━━━━━ Recorded data
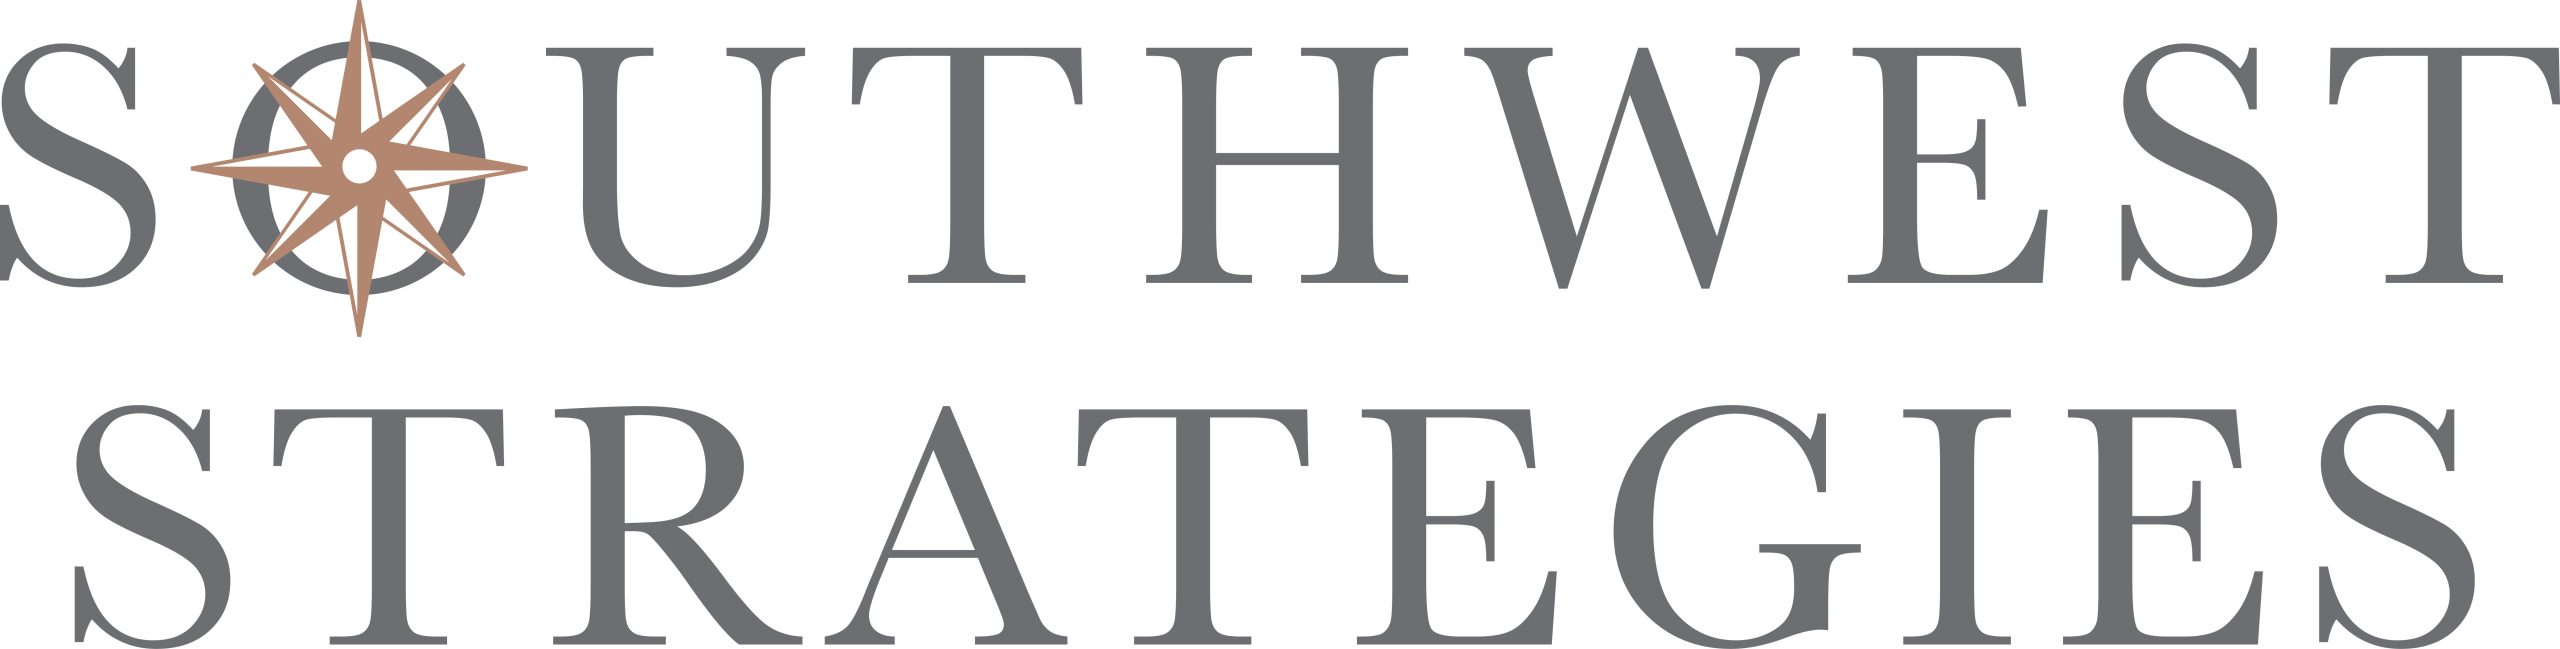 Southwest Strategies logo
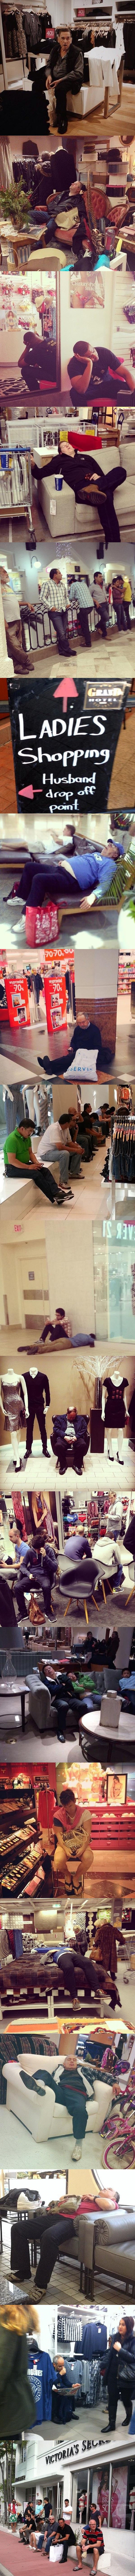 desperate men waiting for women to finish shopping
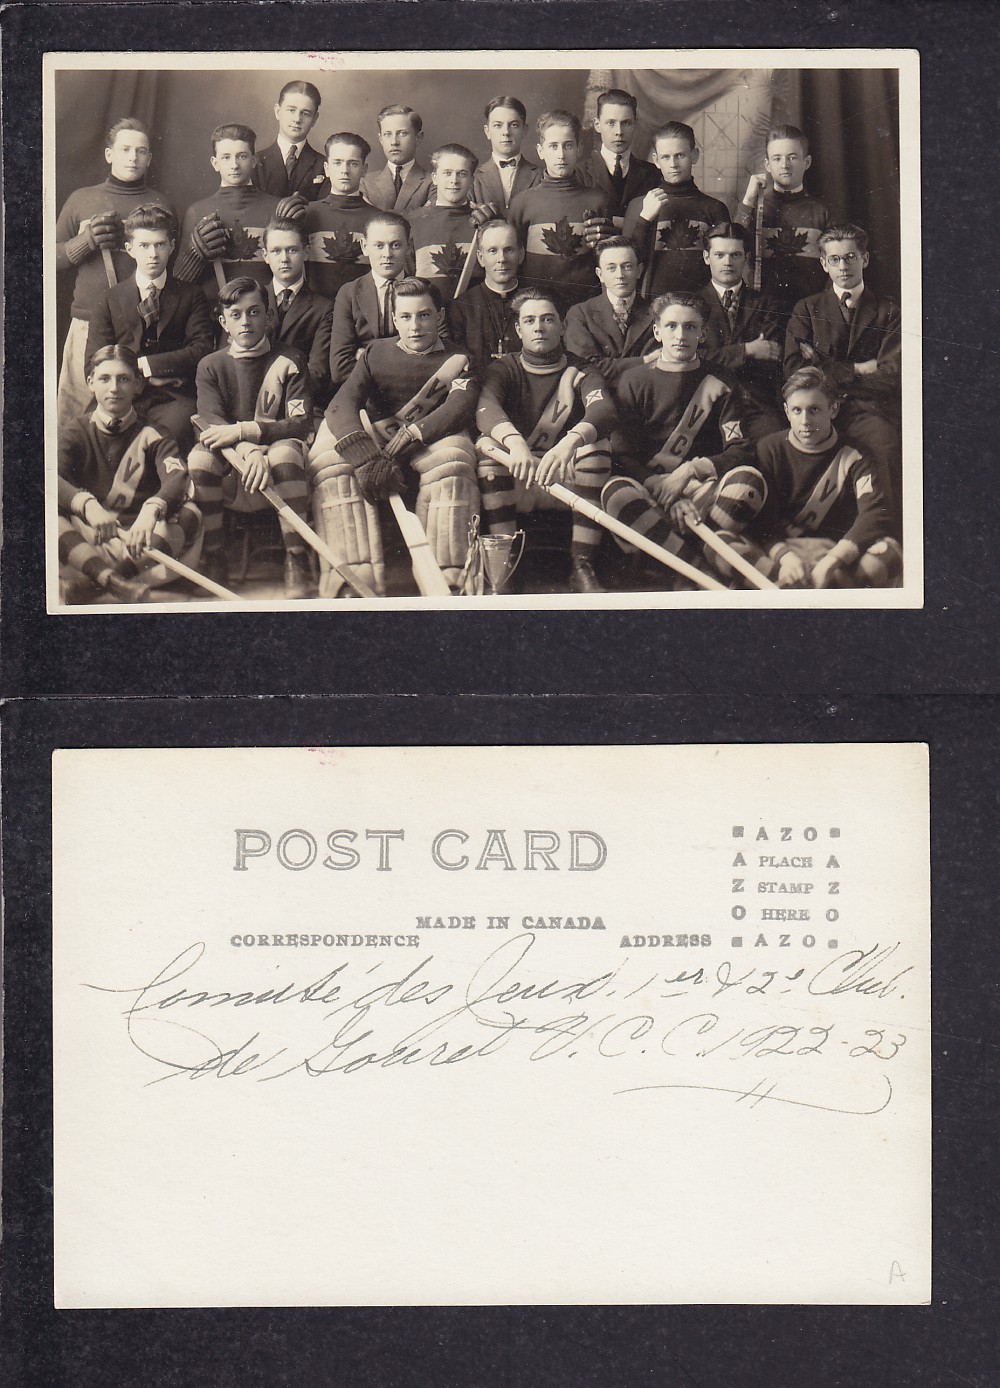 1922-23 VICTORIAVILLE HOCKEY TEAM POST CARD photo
━━━━━━━━━━
> [Activity] The data should be printed again unchanged; leave its pictures out.

> [Response to the task]
 Southwest Strategies logo
 desperate men waiting for women to finish shopping
 1922-23 VICTORIAVILLE HOCKEY TEAM POST CARD photo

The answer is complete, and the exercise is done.